Страница 3 из 116
Светящийся в свечном свете пар. Пар от дыхания, пар от кружек с чаем. Прохладно в Сьянах. Катакомбы это такие в ближнем Подмосковье. Здоровенные, кстати. Москву белокаменную строили из того известняка, что здесь добывался. Своеобразное место. Одна из славных помоек человеческих, она же — кузница и горнило для тех же человеков. Где можно встретить совсем опустившихся алкоголиков и наркоманов, а можно — будущих и уже состоявшихся больших учёных, больших художников… Но почти невозможно встретить «простых людей». Обывателей то есть. В Сьянах практически всегда много народу. Одиночек, малых и замкнутых компаний, больших и открытых компаний… Проводящих под землёй часы, дни, недели, месяцы и годы. Исследующих и вскрывающих новые, то есть хорошо забытые и завалившиеся, районы. Или — обустраивающих себе в гротах постоянные «дачи». Или — проводящих время в оргиях в Большом колонном зале. Или, или, или…
Влажные каменные стены, влажный каменный свод. Капельки конденсата, сверкающие в том же свете свечей, которые как стоят на каменном столе, покрытом настоящей деревянной столешницей, так и вставлены в самую настоящую старинную люстру, подвешенную над столом. Грот Шайтан. Самое удивительное место в Сьянах двухтысячного года. Грот, обустроенный и оборудованный самым невообразимым для подземелий способом. В километре от входа, то пешком, то ползком, то согнувшись, — масса затащенных туда абсолютно не нужных под землёй, но создающих совершенно особую атмосферу, предметов. Раковина со смесителем в углу. Без водопровода, без канализации. Газовая плита — в другом. Настоящая, кухонная. Действующая! Никаких вам примусов! Упомянутый стол. Каменные лавки, любовно выложенные из глыб, вокруг стола. Такая же лежанка за углом. Приподнятая «дверь» в штрек. Лестница к ней. Занавеска в дверном проёме. Высокое, почти под потолком, небольшое «окошко» в соседний штрек.

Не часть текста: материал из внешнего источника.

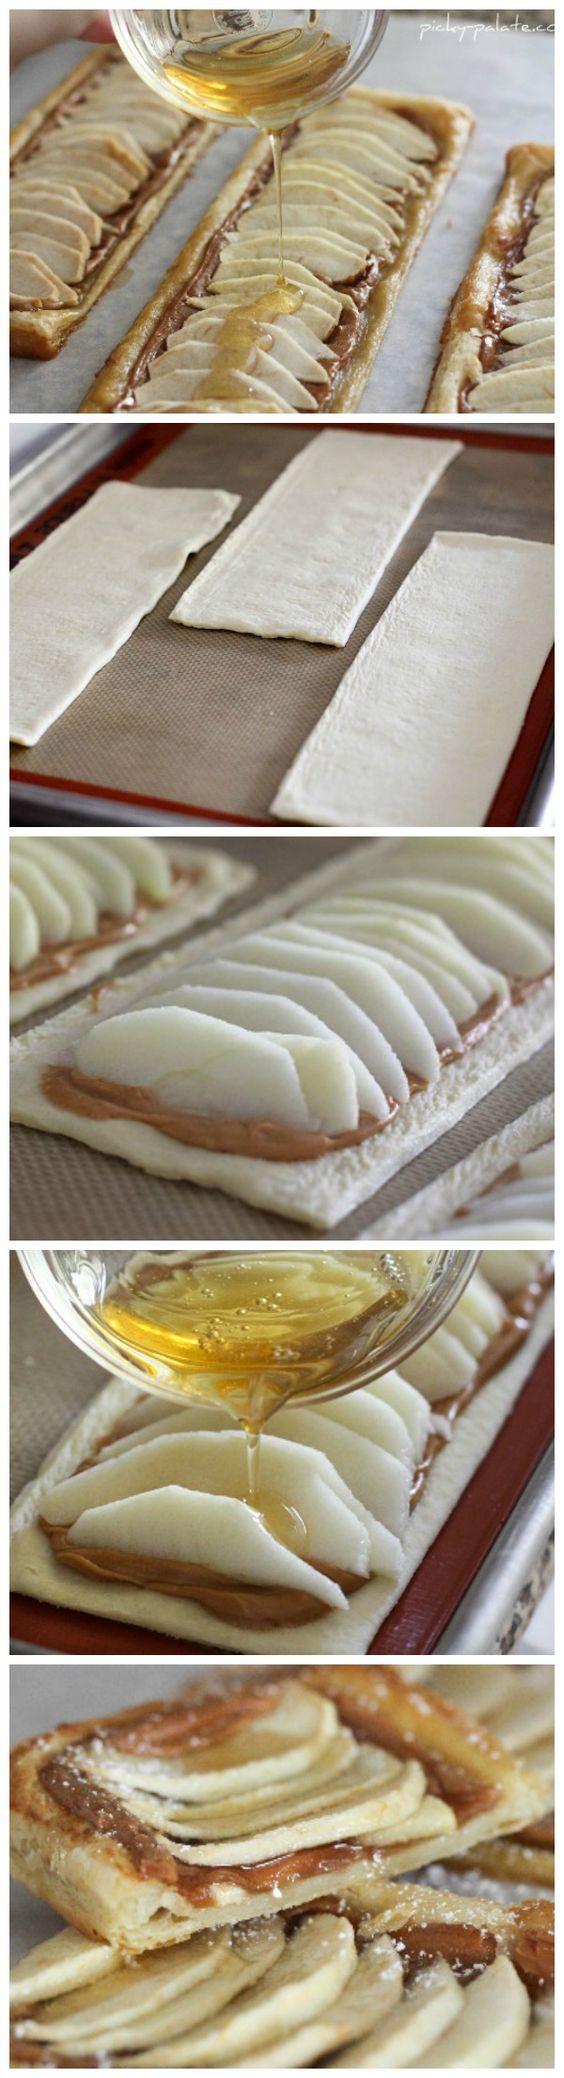 Honeyed Apple Peanut Butter Tart | Tartas, Bollería y Hojaldres

С крашеной деревянной рамой, хоть и без стёкол! Впрочем — стёкла нельзя, вентиляции не будет. Полочки и даже тумбочка с кучей посуды и прочего скарба. Кошмар, словом.
Часы (механические, старые, с гирями, маятником, и ходят!) — на одной стене. Портрет на противоположной. В рамочке и под стеклом. Хозяин грота? Фиг вам. Красивая девушка? Три раза ха-ха. Шиллер! То есть — это когда я впервые удостоил сей портрет своим вниманием, он был Шиллером. У хозяина в тумбочке имелся немалый запас портретов, и он их менял в соответствии со своим настроением. Менял так, что никто и ни разу не заметил процесса замены. Замечали — по подсказке свечей. Поменялся разговор, чуть активней стала жестикуляция, дрогнуло пламя свечей, дёрнулись тени на стене, блеснуло по-новому стекло, притянув внимание… Глядь, а там уже Гёте вместо Шиллера. Или Бетховен… Или Кропоткин… Скрябин опять же… Герцен…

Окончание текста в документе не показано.